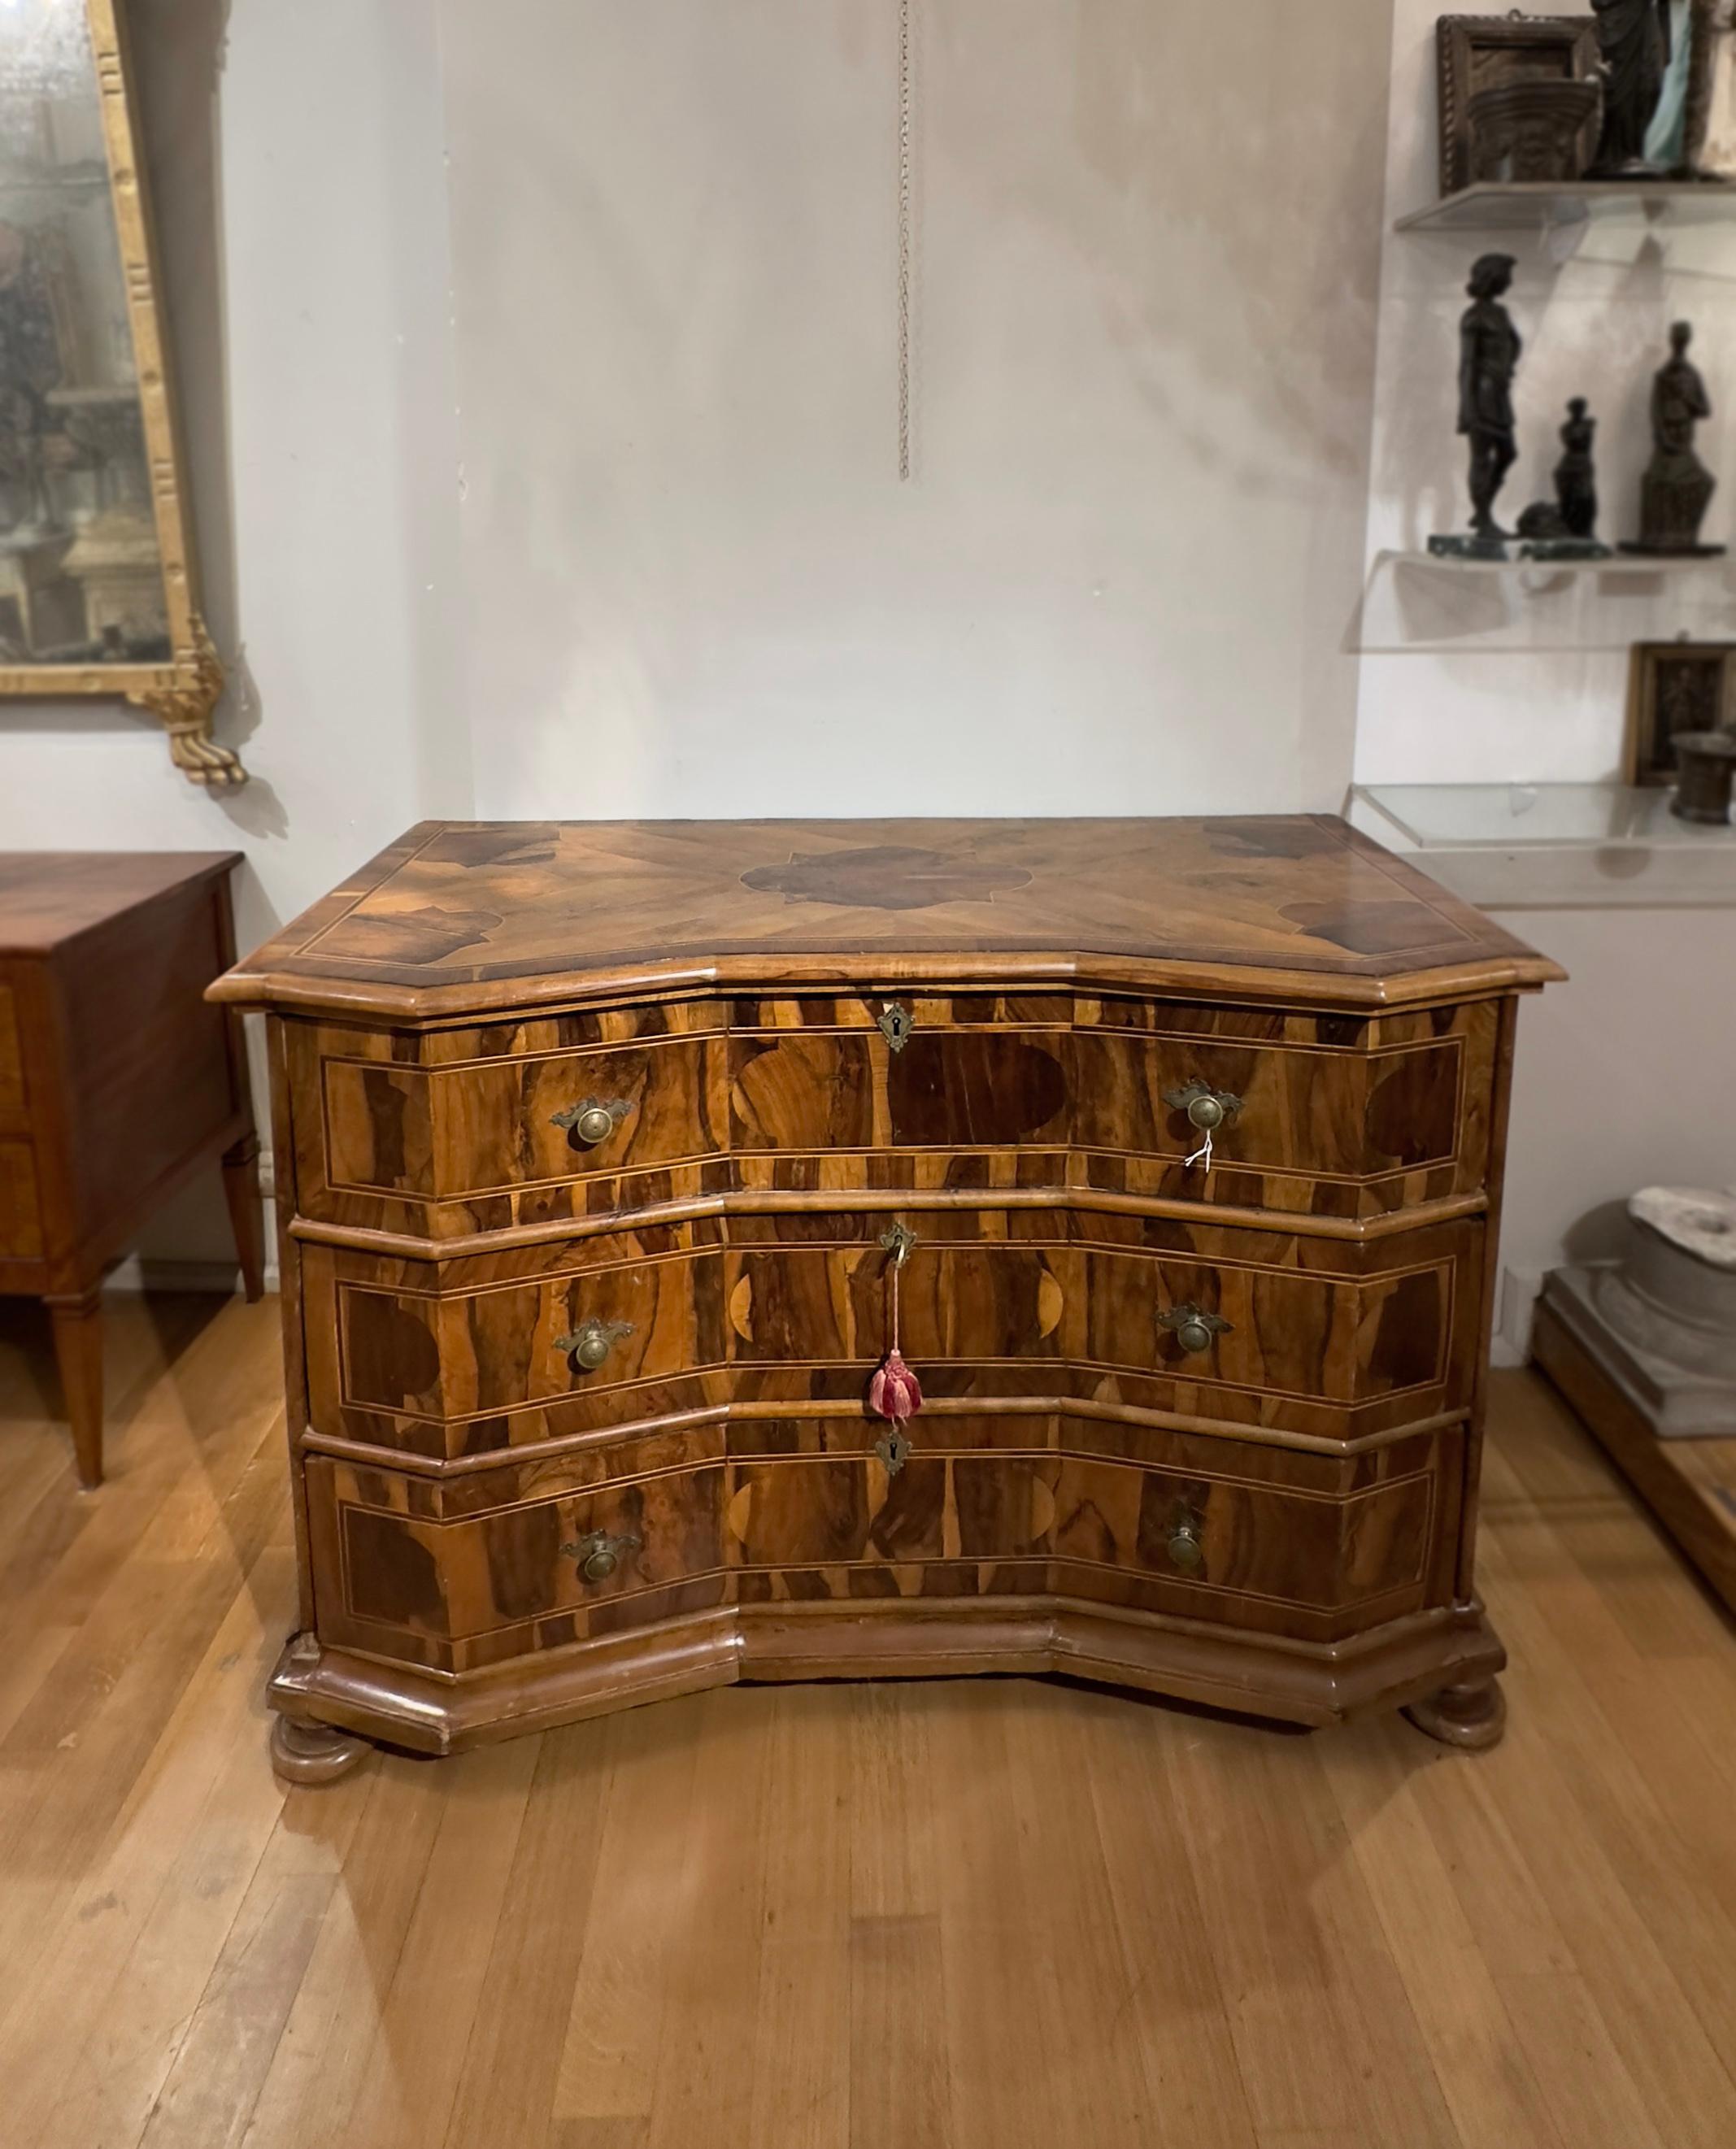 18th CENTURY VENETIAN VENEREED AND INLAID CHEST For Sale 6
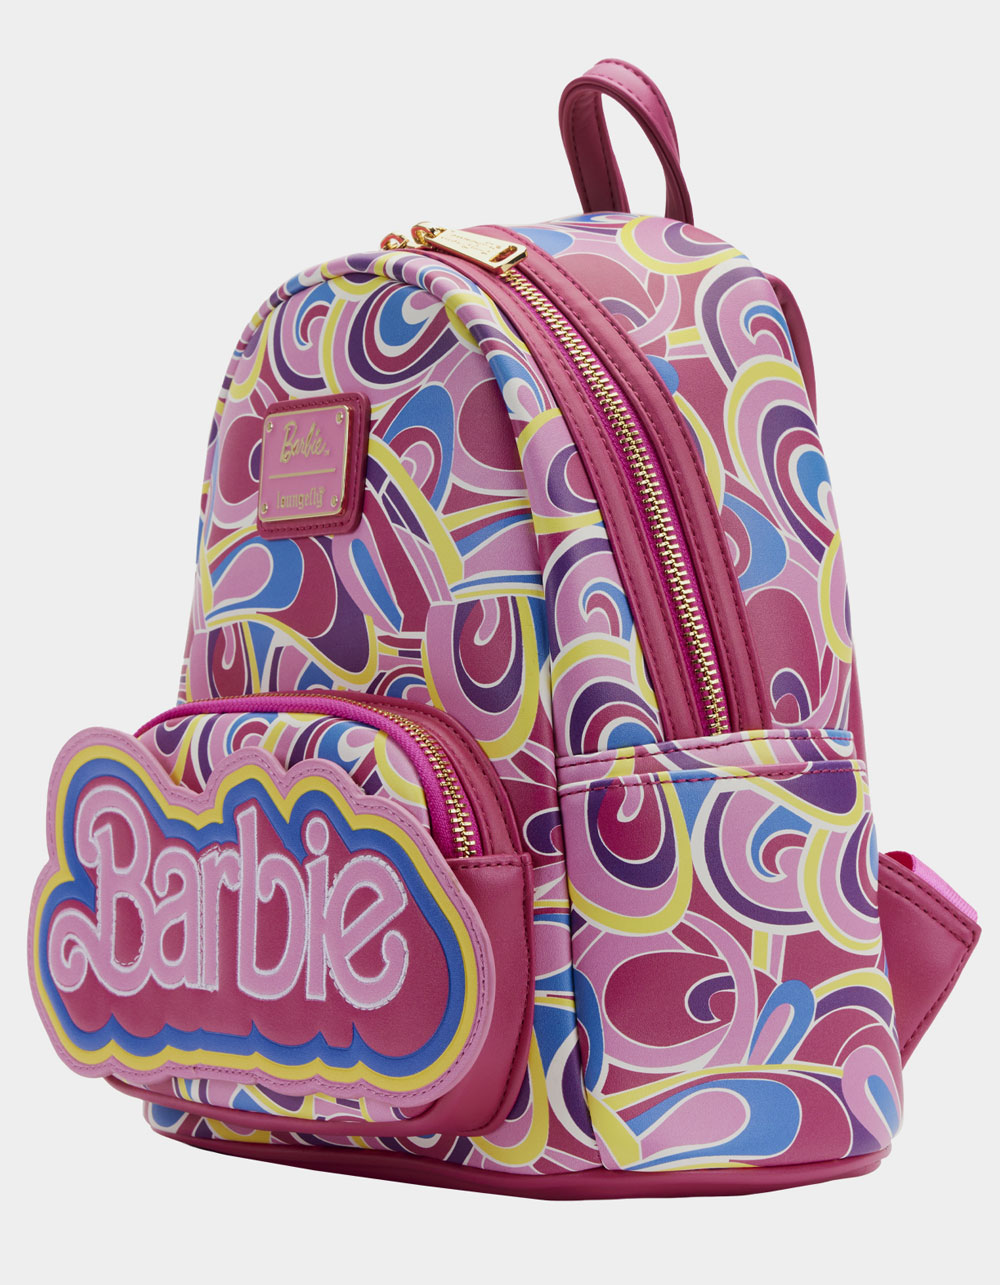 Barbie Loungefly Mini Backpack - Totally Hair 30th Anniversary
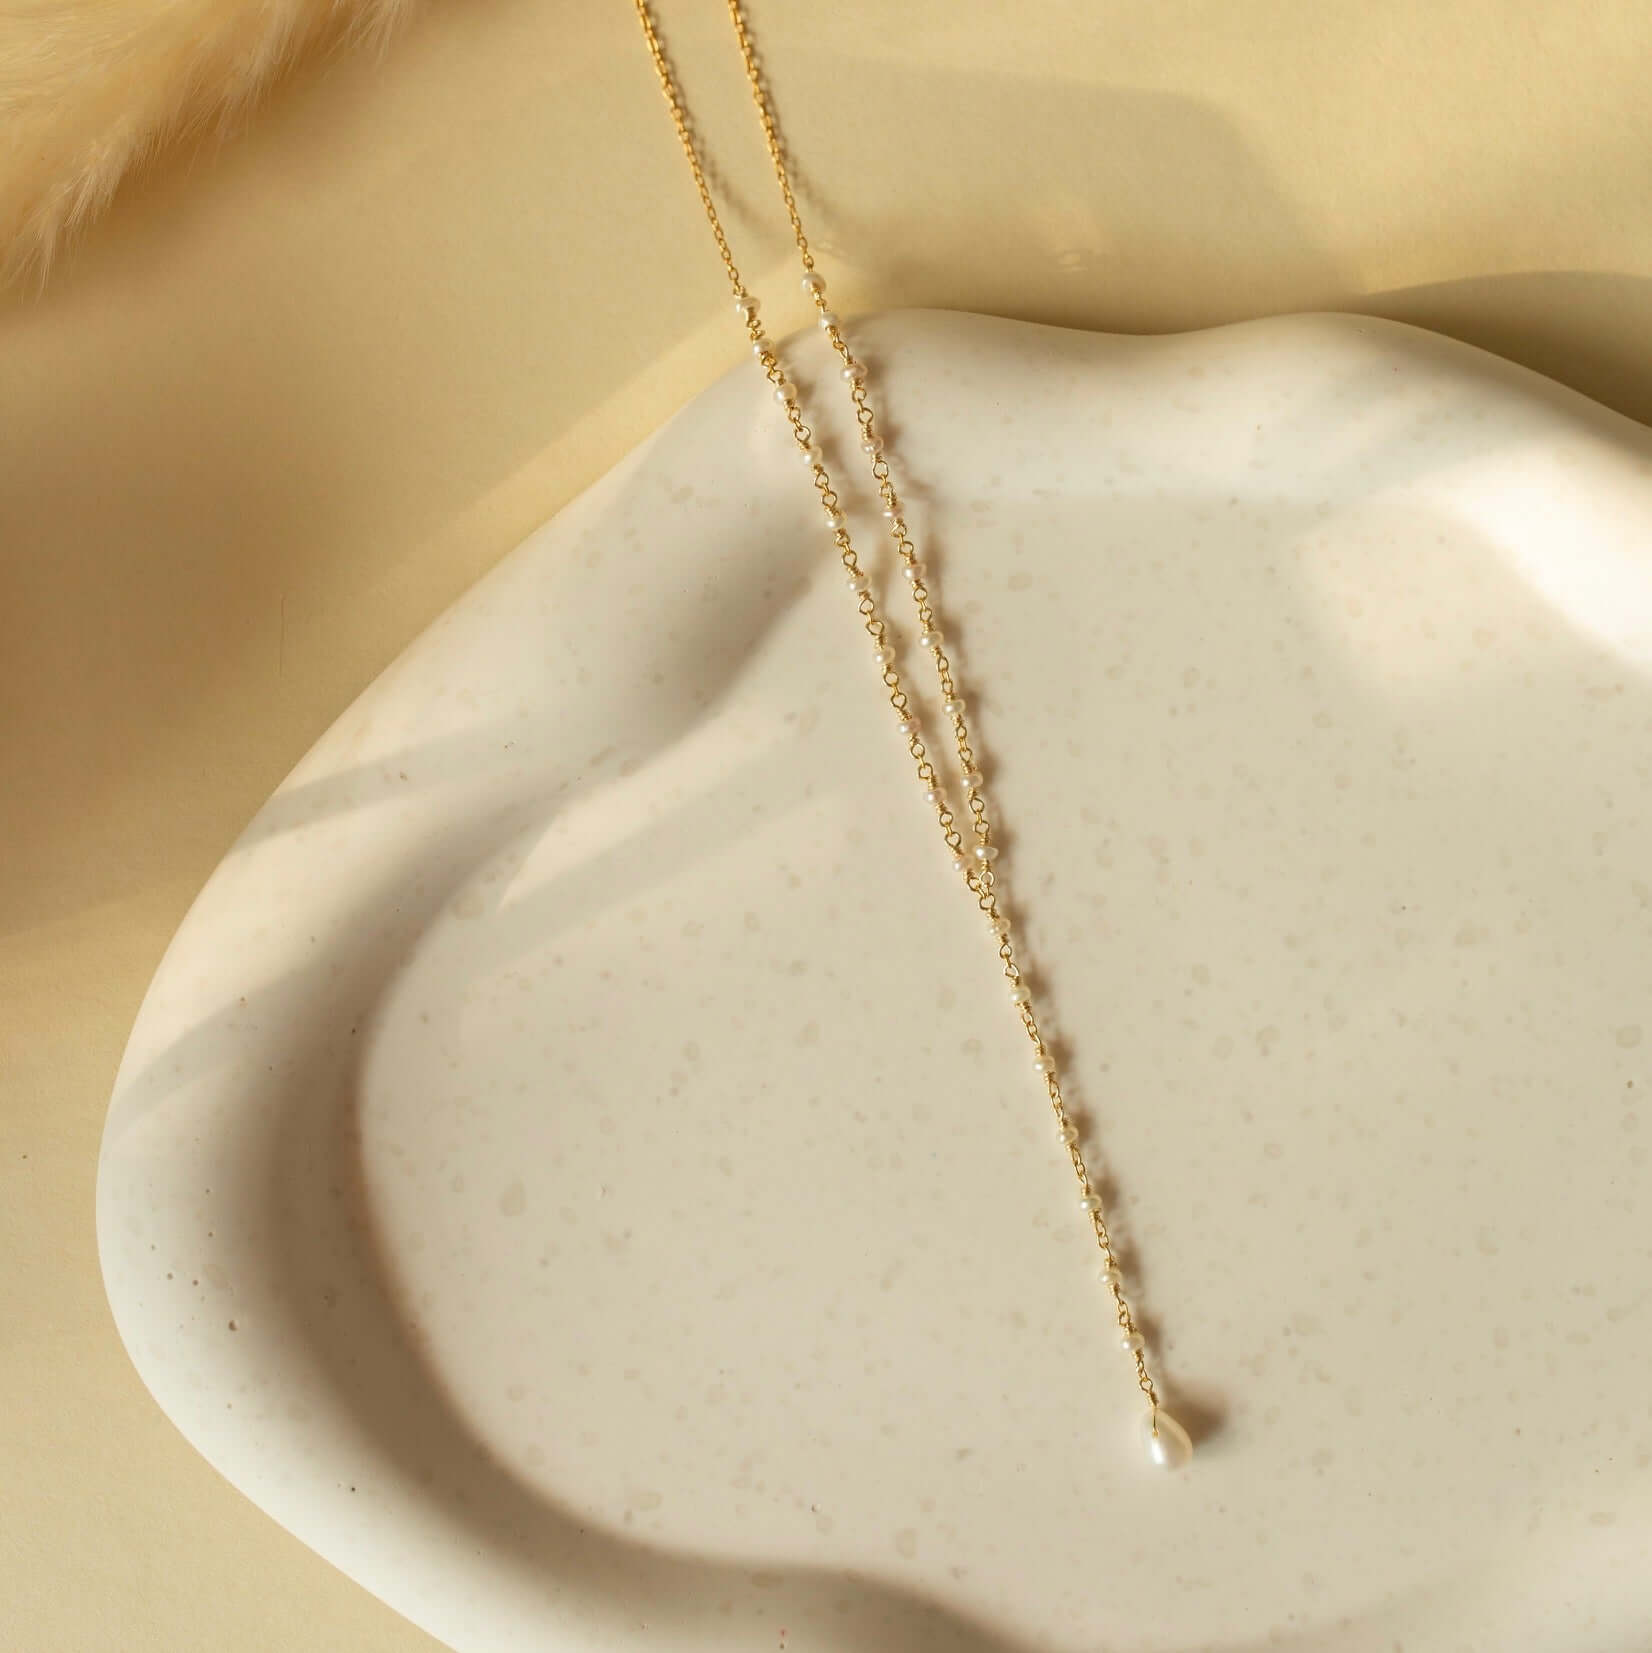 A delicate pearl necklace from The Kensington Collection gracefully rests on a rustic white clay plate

### Problem details
Return only what lies between the line containing "Barbie Loungefly Mini" and the last line of the listing, those two lines included, exactly as written and with no pictures.

### Answer for this exercise
 Barbie Loungefly Mini Backpack - Totally Hair 30th Anniversary
 A delicate pearl necklace from The Kensington Collection gracefully rests on a rustic white clay plate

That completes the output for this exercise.